Durante estos días se ha glosado su inmensa figura: esa aparente contradicción, entre su dolor permanente y su contagiosa alegría. Como hombre. Y como periodista. Los periodistas llenamos los periódicos con noticias —y sus comentarios— en su gran mayoría duras, dolorosas… Pues he aquí un periodista que, crucificado todo él, nos comenta los hechos, las personas, la vida… desde su lado más luminoso. No porque huya de la realidad. Paralítico y ciego, se levanta con las sirenas de las fábricas, para oír ya el primer boletín de la radio, y conocer la vida tal y cual es. Al pasar por su interior, algo se transforma. Quizás porque —escribió él—, «si se tiene fe, ¿no es la noticia como un Quinto Evangelio, con Cristo pasando todavía por el mundo y redimiéndonos o glorificándonos en el dolor y la esperanza de los hombres?… Pues, hala, ahí tienes en la noticia un panecillo de meditación para cada día».

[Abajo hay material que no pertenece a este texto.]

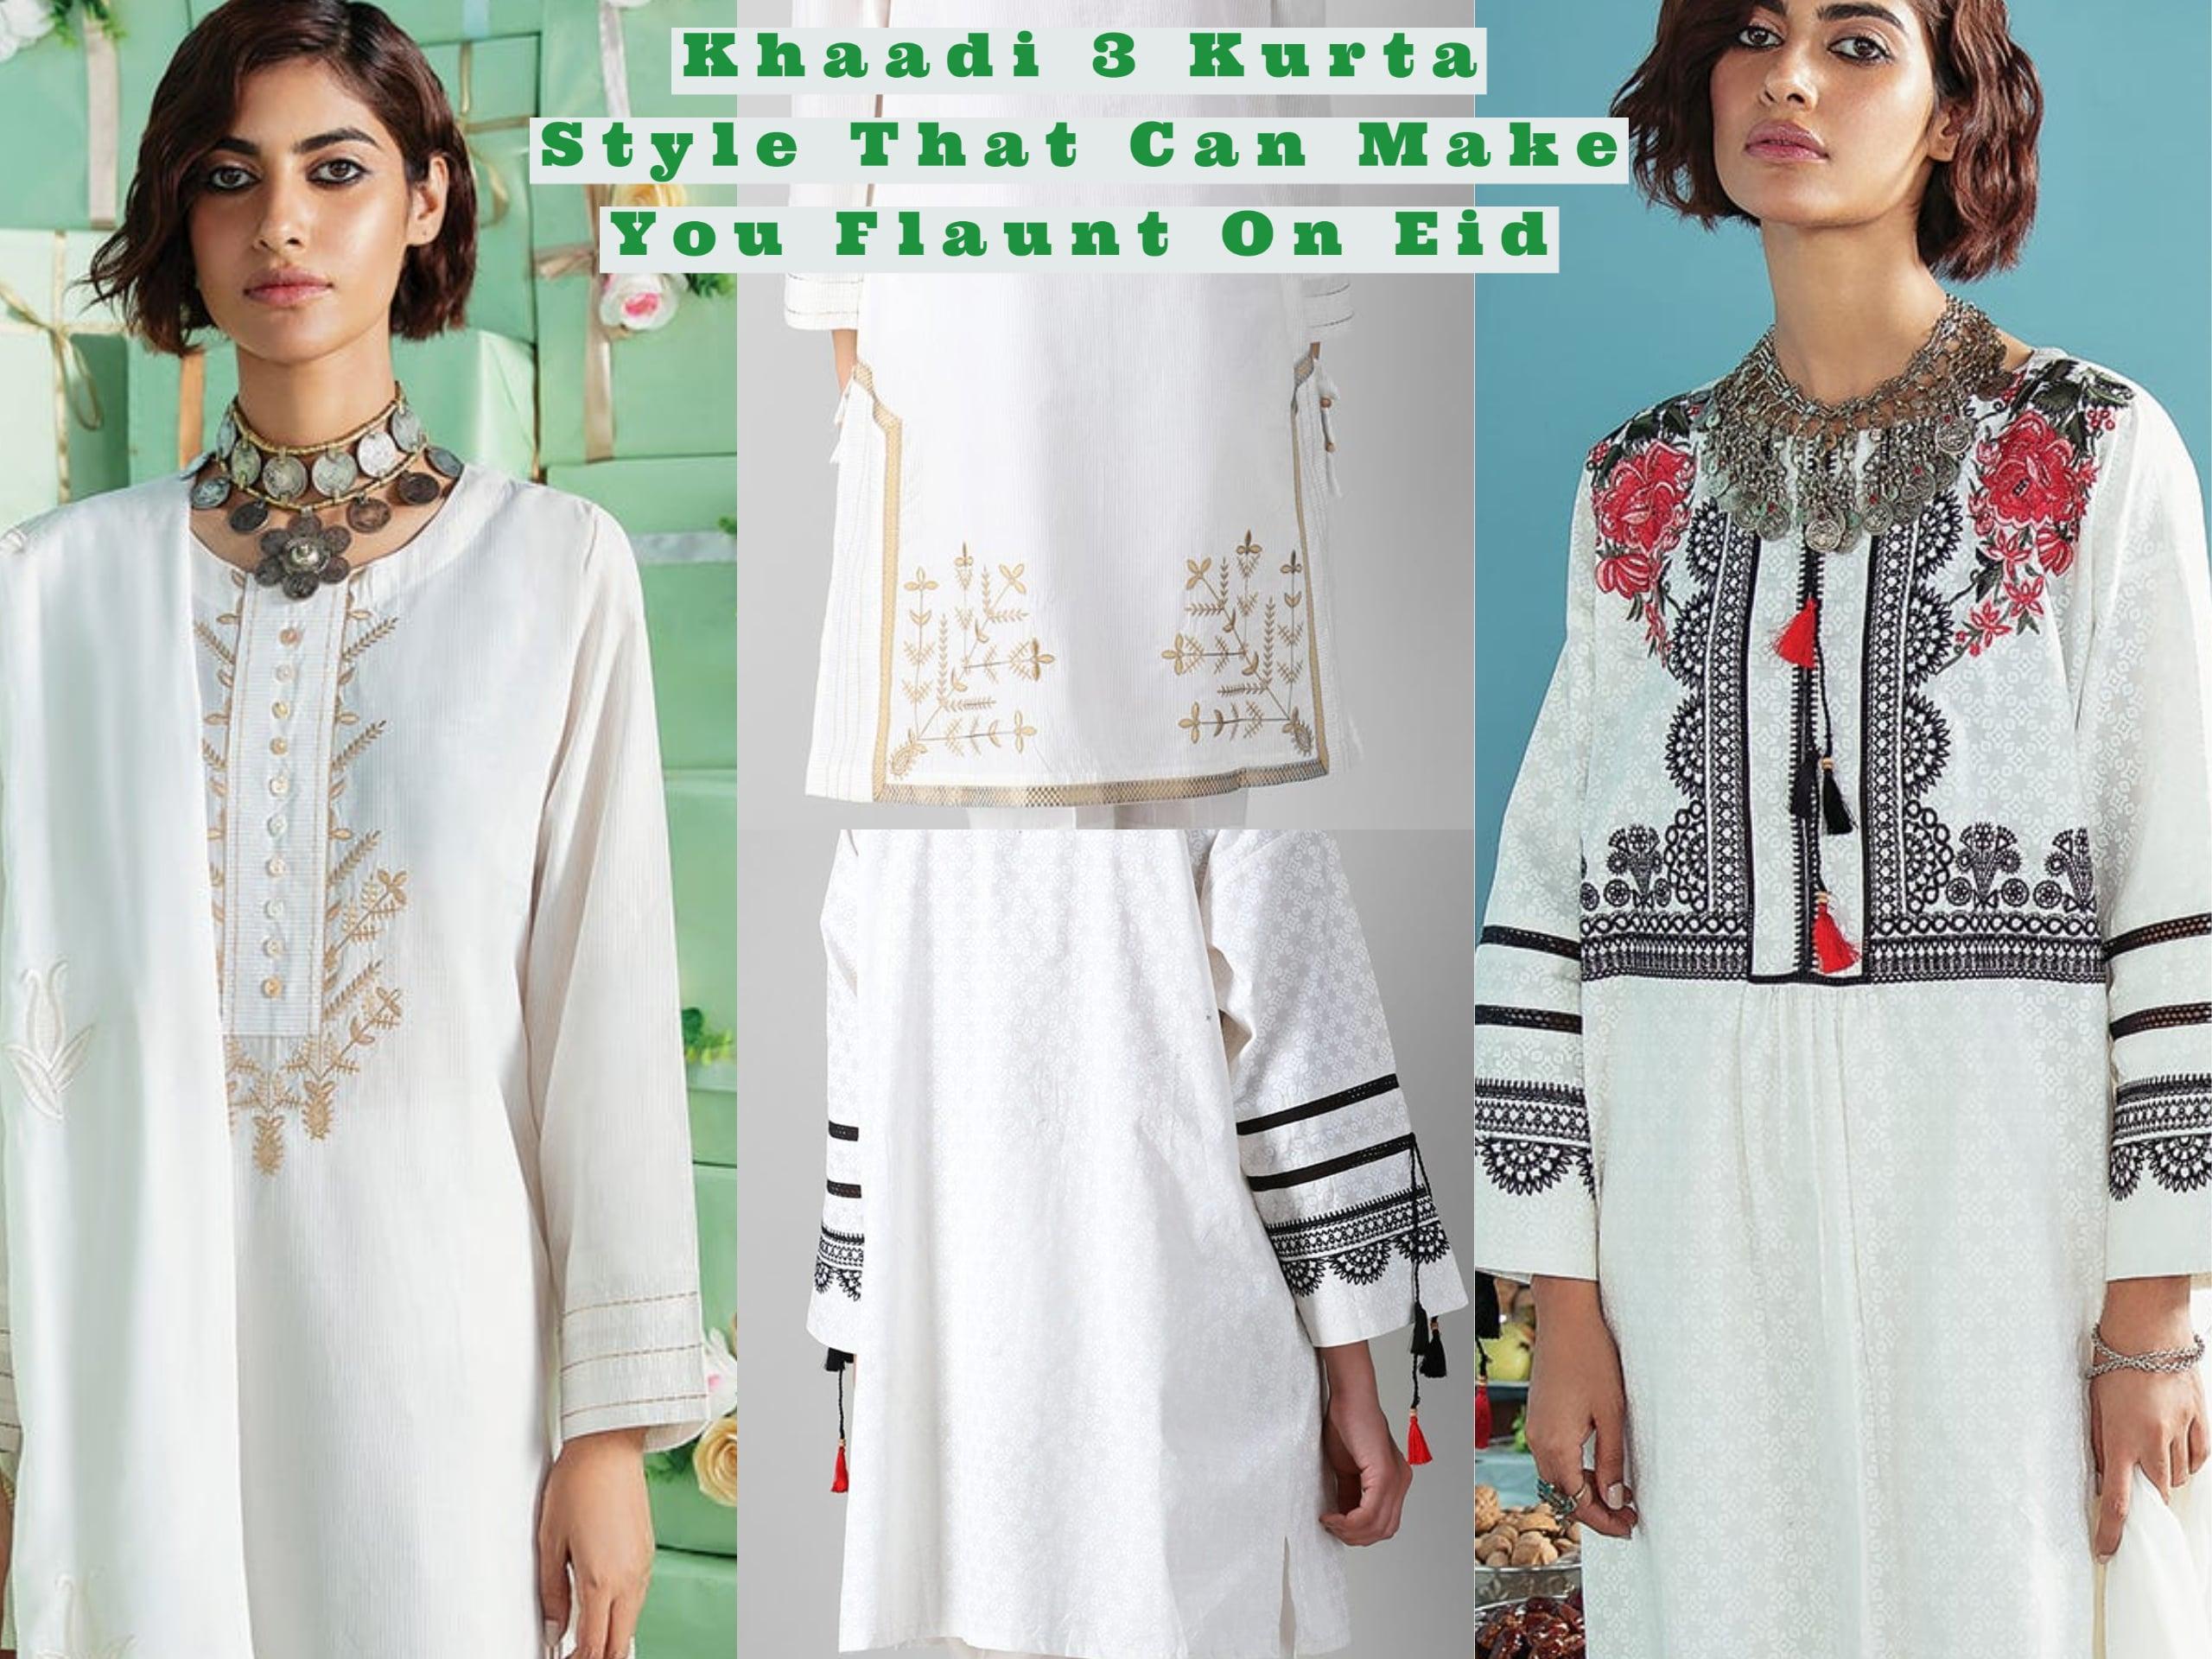 Khaadi 3 Kurta Style That Can Make You Flaunt On Eid

Aun sobre los gestos desabridos, la mala uva, los comportamientos negativos, extiende la misericorde mirada de la comprensión, porque, «de la corbata o el abrigo para atrás, hay sólo una criatura que navega con dificultad». Y, por eso, avisa a los que se quejan del contable, que comprendan que tiene una hija con polio y que el botones está juntando las propinas para ponerle a su madre un gallinero…
¿Por qué este periodista tan atípico? Cuando, ya paralítico total -hasta los dedos de las manos-, se queda ciego, escribe: «Ni el misal, ni el crucifijo, los puedo utilizar ya. Corazón, ahora, a vivir de tus reservas».

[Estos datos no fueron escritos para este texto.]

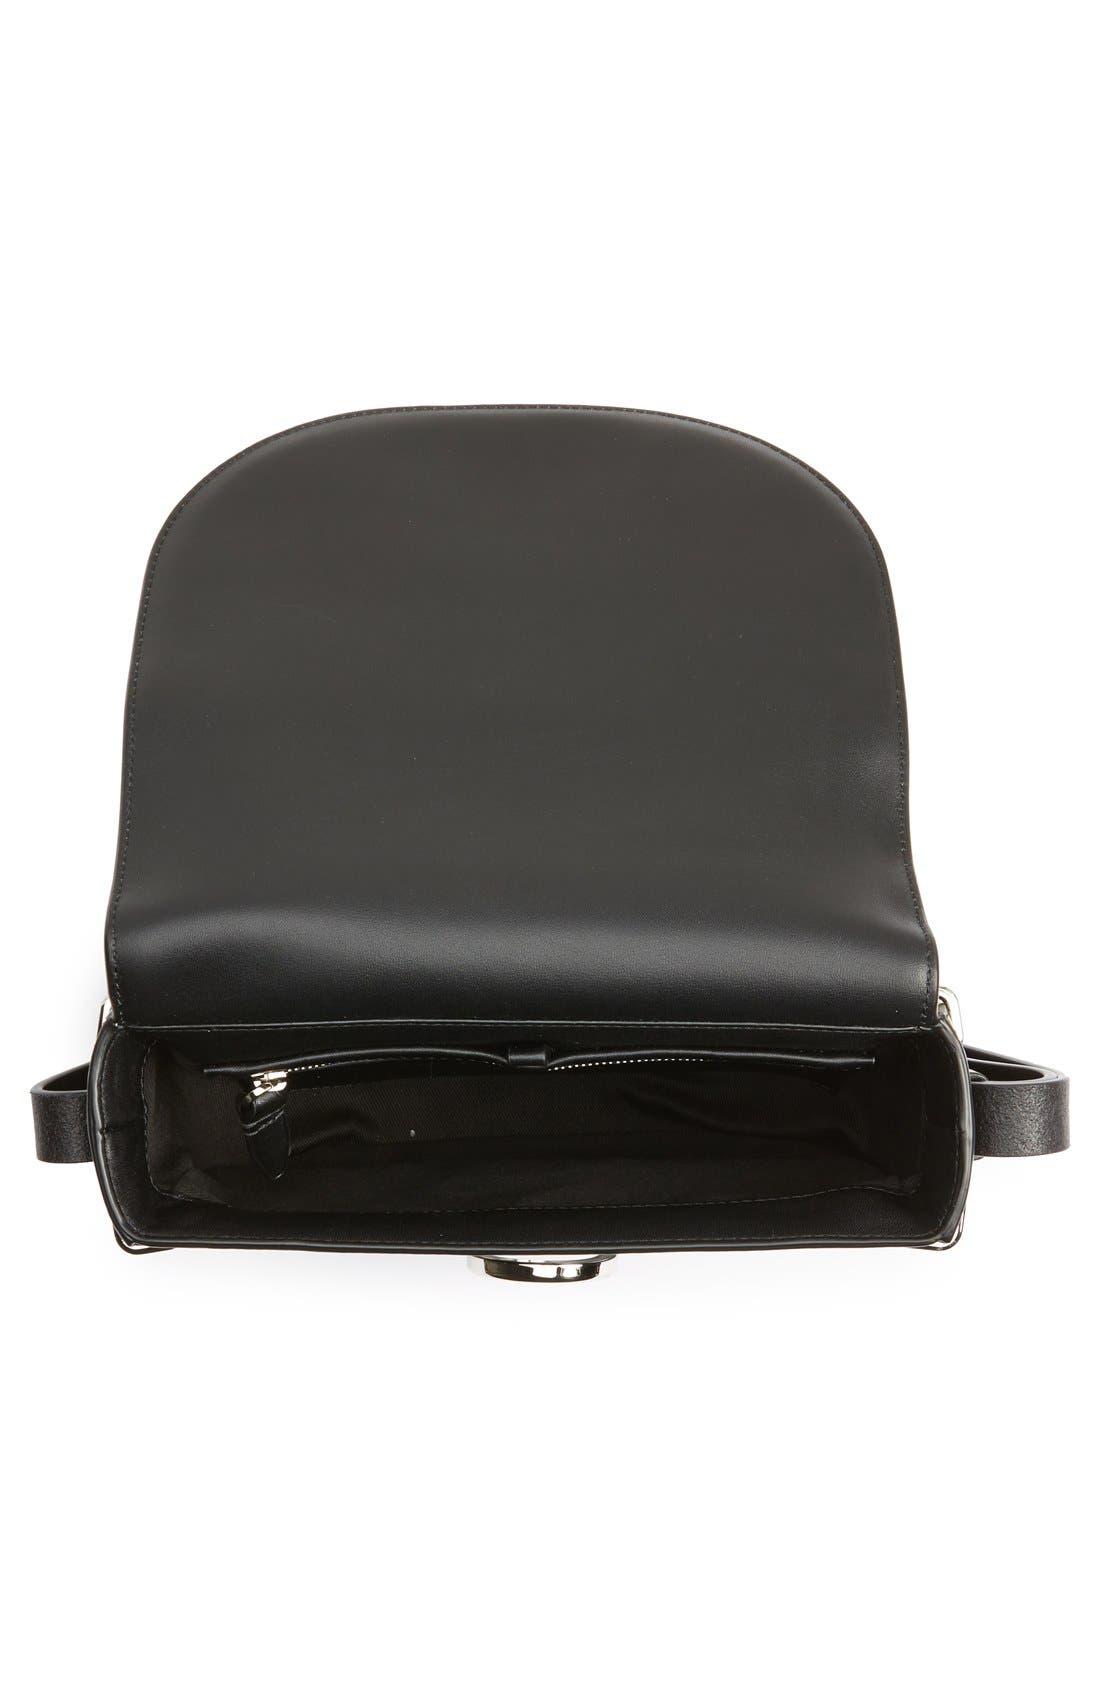 Alix Leather Saddle Bag,                             Alternate thumbnail 4, color,                             001

Ahí está la clave. Cuando ya no puede recibir casi nada del exterior, su interior está rebosante. Rebosante de Dios. Presencia permanente de Dios. Por eso, nos pide que no juzguemos las pequeñas cominerías en nuestra relación con los demás, sino que contemos «las rosas perennes del corazón de los hombres, en el ritmo de superación que Yo he puesto en sus pasos y en los altos luceros que tiran de cada criatura, porque la posibilidad de amar que Yo he puesto en los hombres, no es más que eso: el tañido de unos bronces que he dejado que desciendan para que se escuche mi mensaje de gloria».

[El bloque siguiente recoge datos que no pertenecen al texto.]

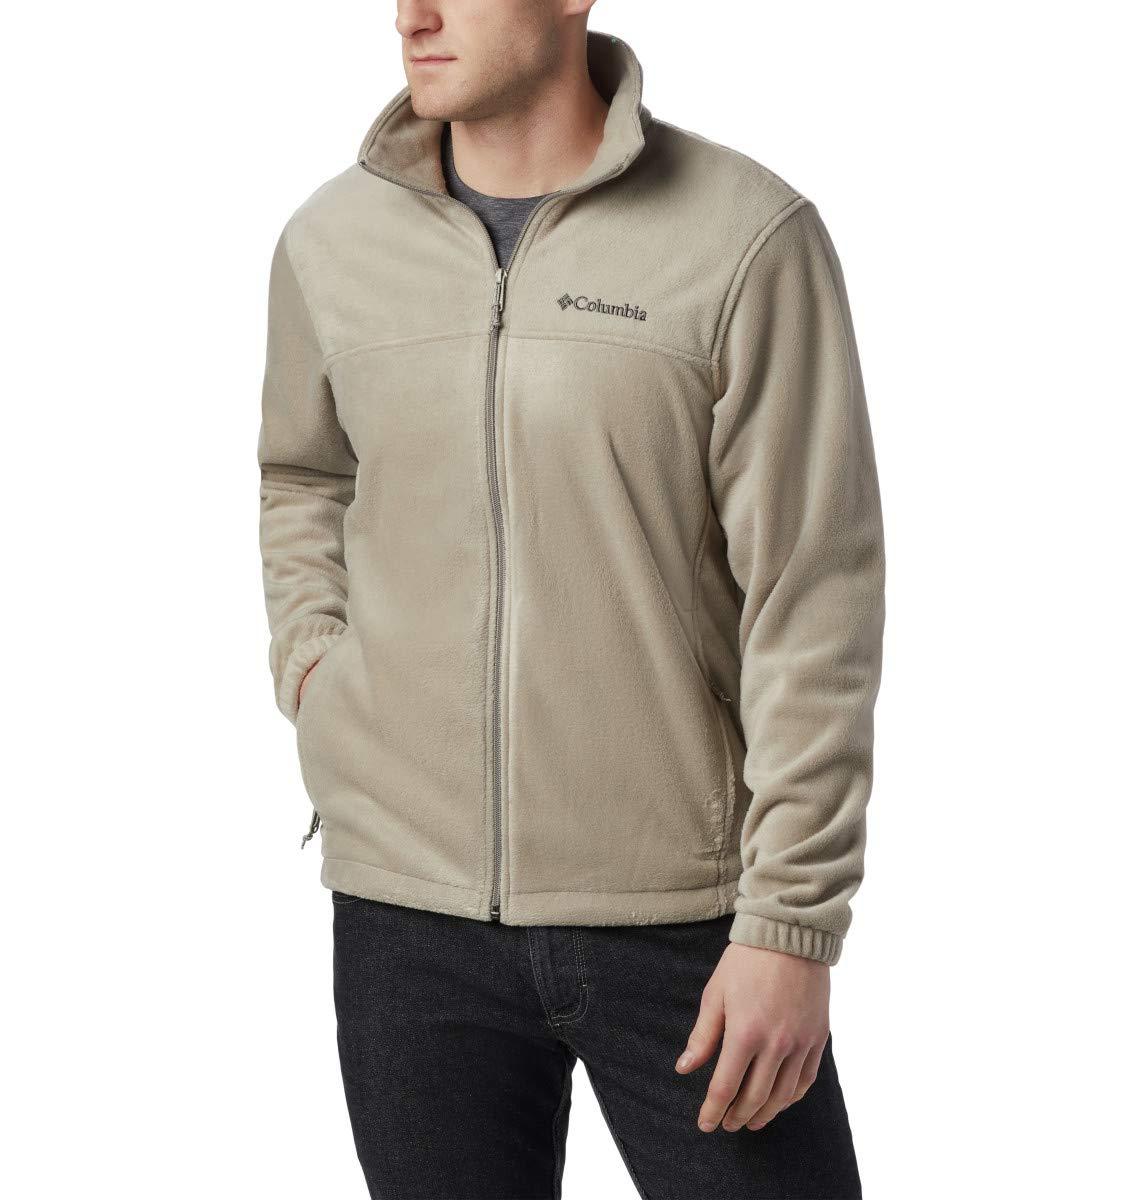 Columbia Men's Steens Mountain Full Zip Fleece 2.0 Jacket,Tusk,Large by Columbia

En uno de sus libros —Mesa redonda con Dios—, se mete en el mismo Dios y habla desde Él. Transcribiendo sus mensajes, pone en su boca este llamamiento, que intuyo fue el que Lolo consiguió colocar en la puerta que daba a todos sus caminos: «Pues eso es lo que quiero de ti: que agudices el olfato y te hagas un buen rastreador de Mi presencia».